◆ WHAT NEEDS TO BE DONE
Please write out the entire listing below exactly, excluding its pictures.

◆ SOURCE DATA
********************
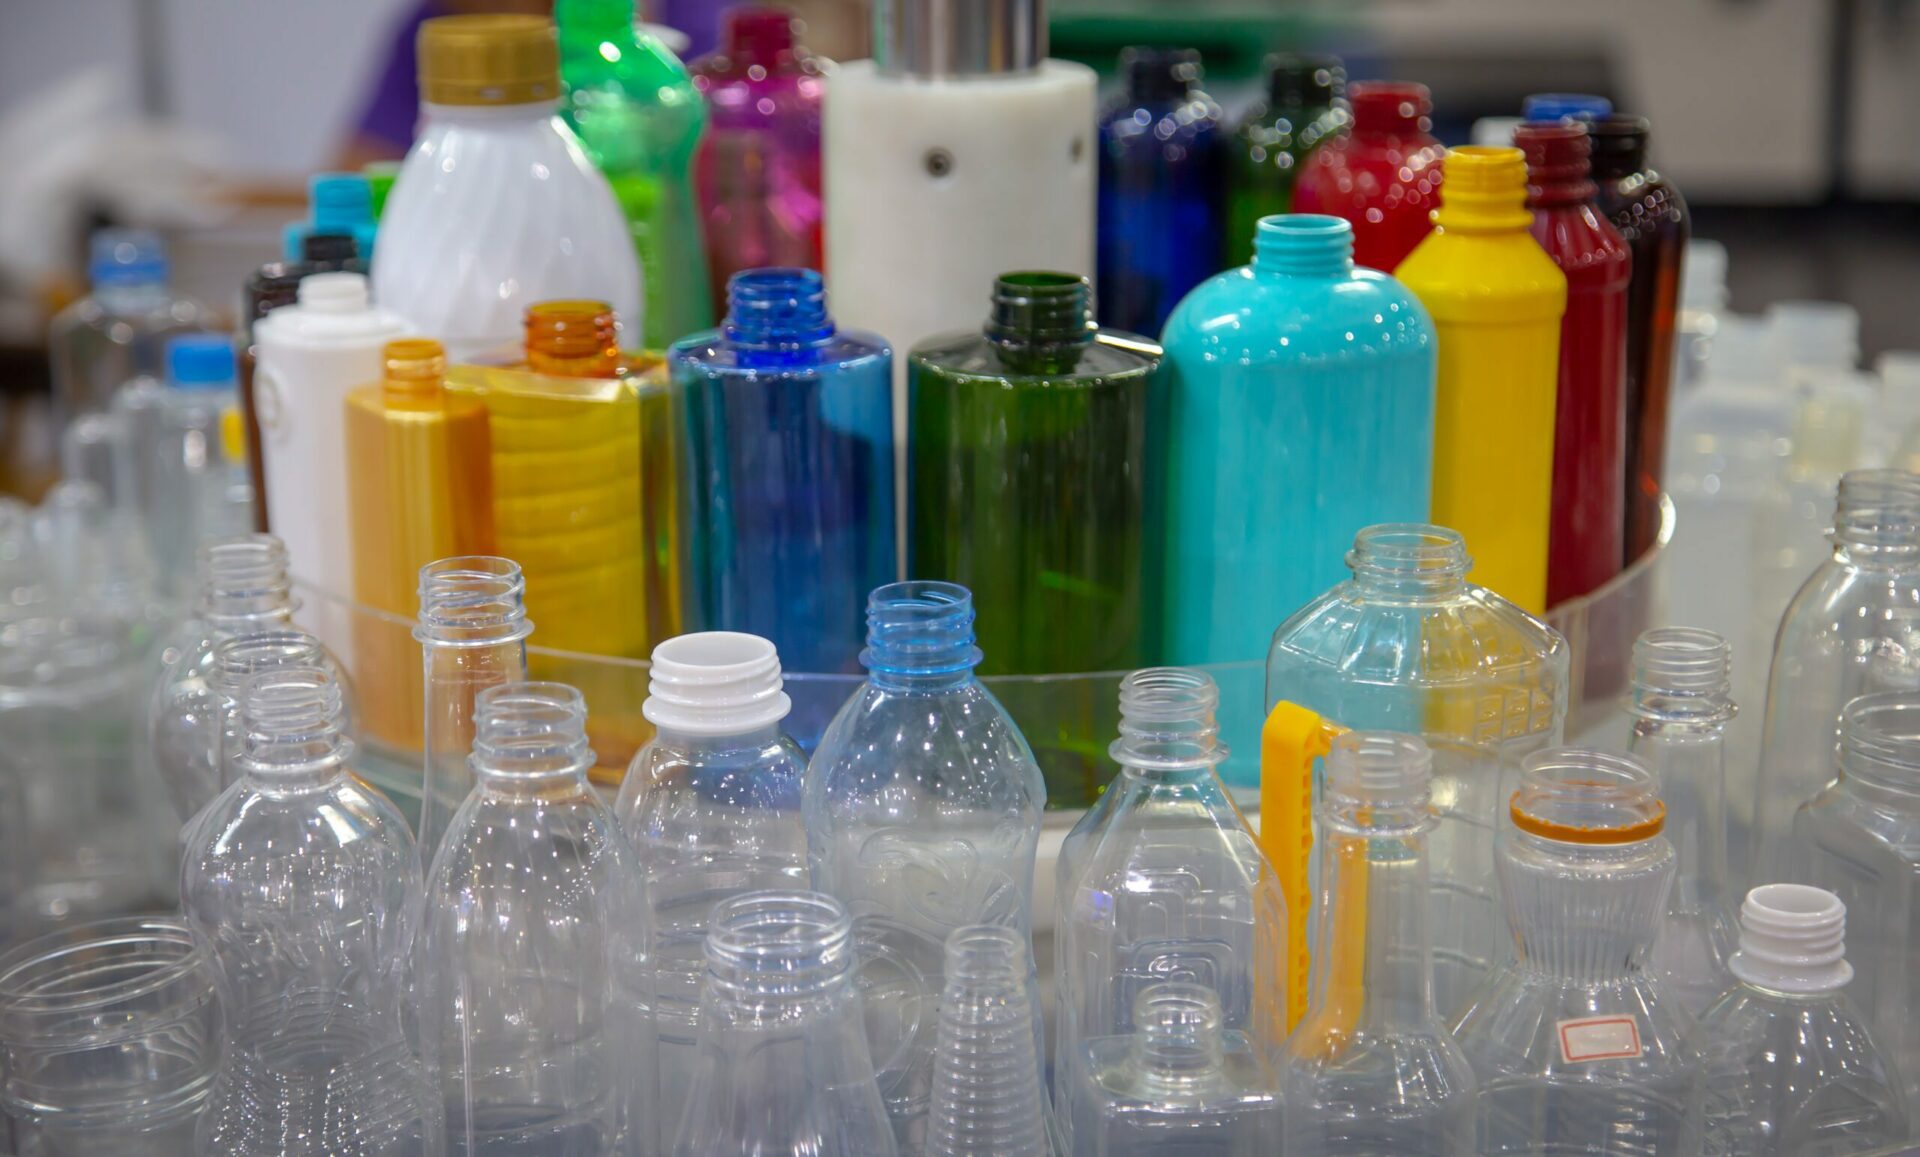 Los productos plásticos, incluidos los microplásticos, son una preocupación debido a su presencia ahora inquebrantable en todo el mundo, que filtra los EDC al medio ambiente.
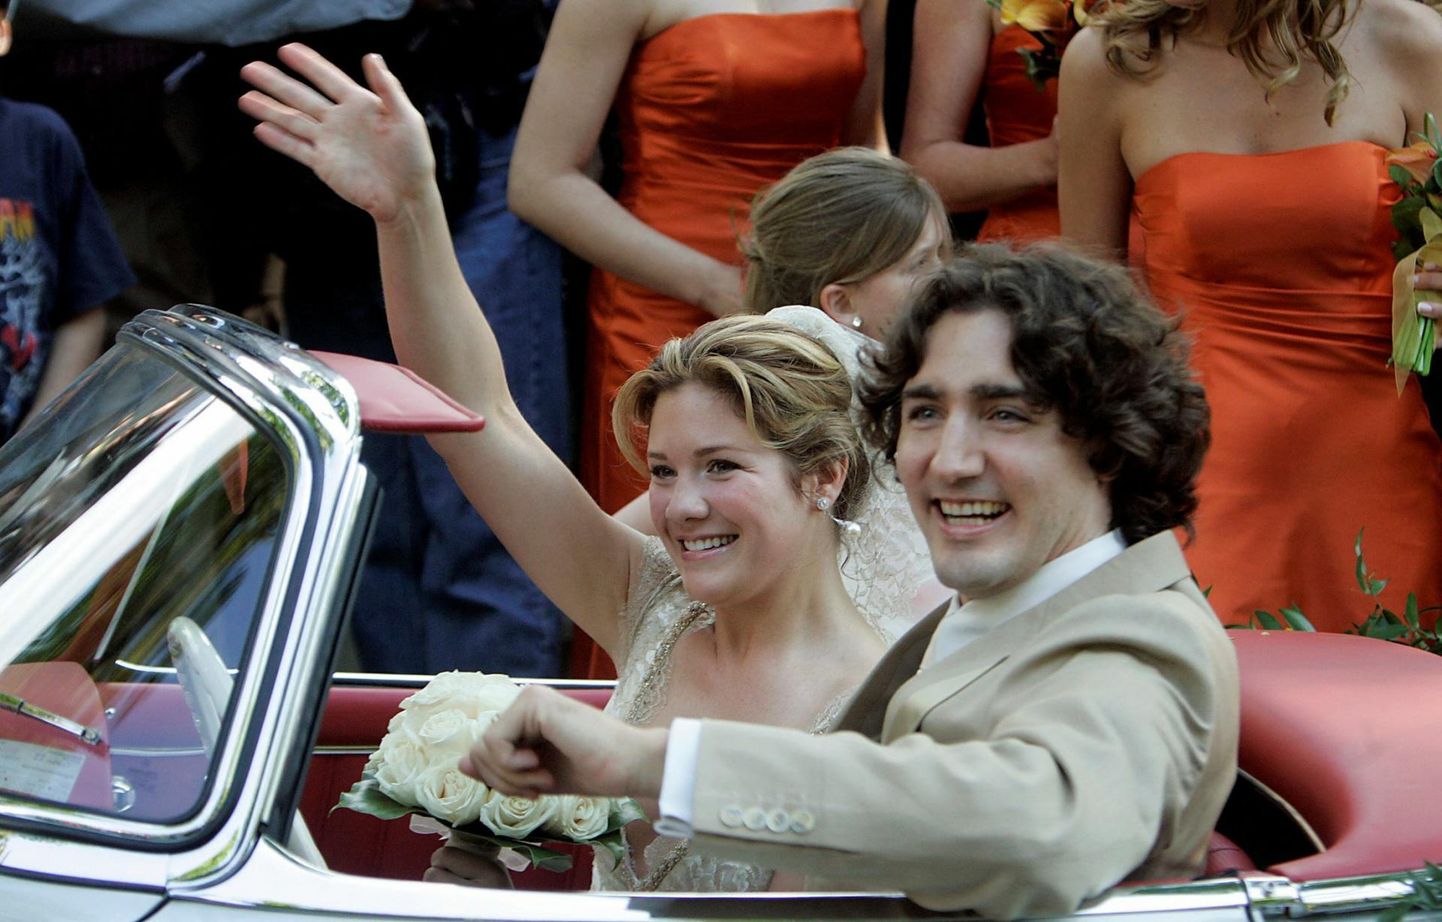 Vastabiellunud Justin Trudeau ja Grégoire pulmapäeval, 28. mail 2005 pärast kiriklikku laulatustseremooniat Montrealis Justini tipp-poliitikust isa 1959. aasta Mercedeses.
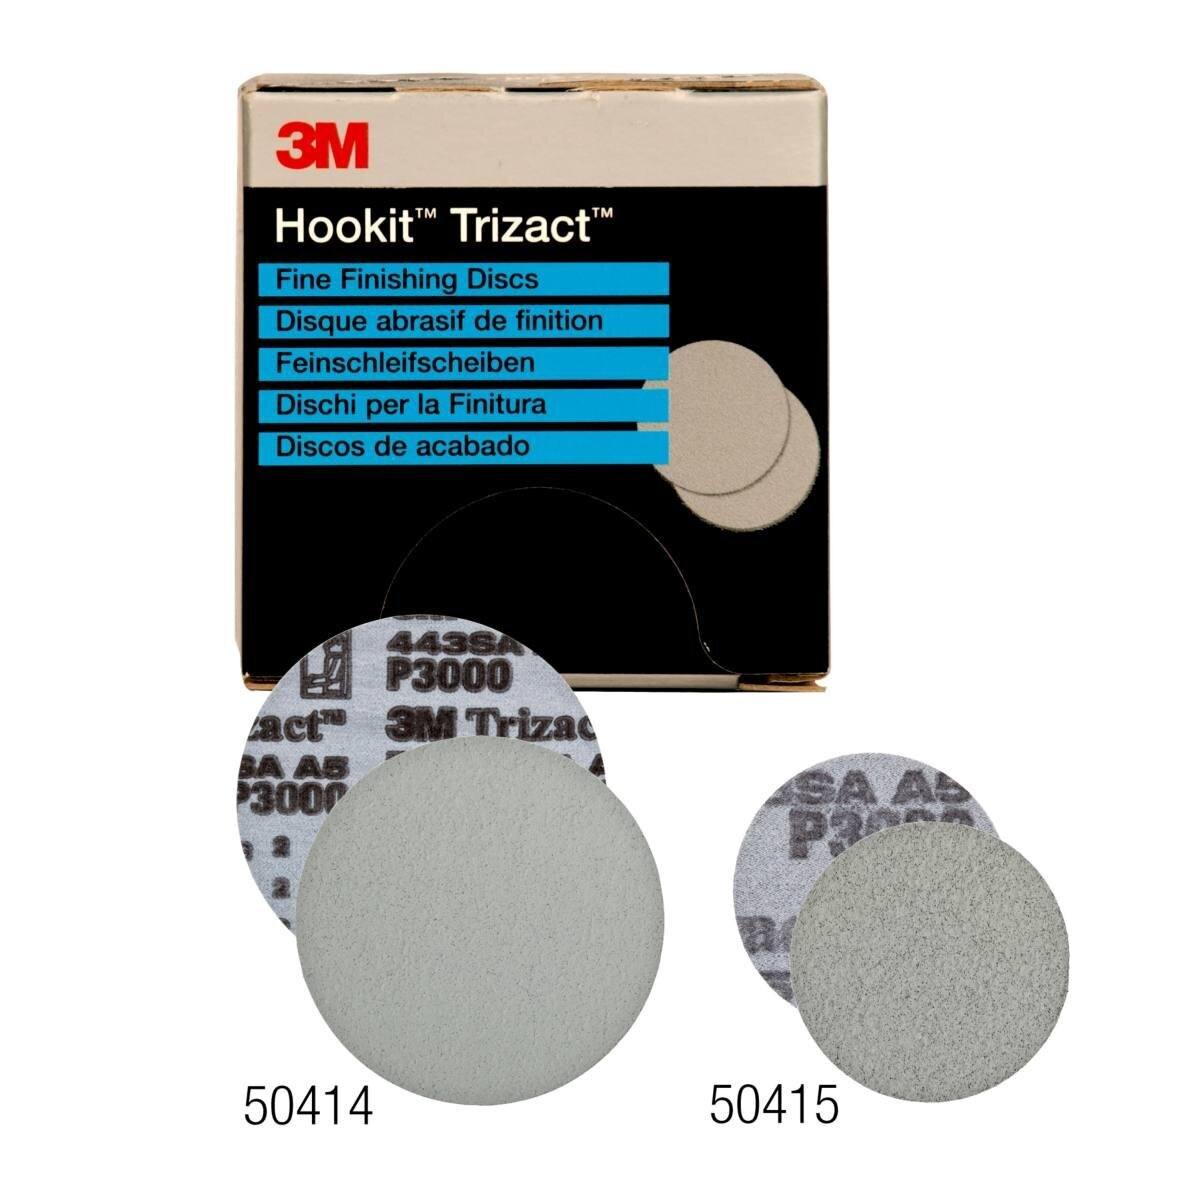 Dischi abrasivi 3M Trizact per finitura fine 443SA, grigio, 150 mm, P8000
********************
◆ ANSWER BOX
 Los productos plásticos, incluidos los microplásticos, son una preocupación debido a su presencia ahora inquebrantable en todo el mundo, que filtra los EDC al medio ambiente.
 Vastabiellunud Justin Trudeau ja Grégoire pulmapäeval, 28. mail 2005 pärast kiriklikku laulatustseremooniat Montrealis Justini tipp-poliitikust isa 1959. aasta Mercedeses.
 Dischi abrasivi 3M Trizact per finitura fine 443SA, grigio, 150 mm, P8000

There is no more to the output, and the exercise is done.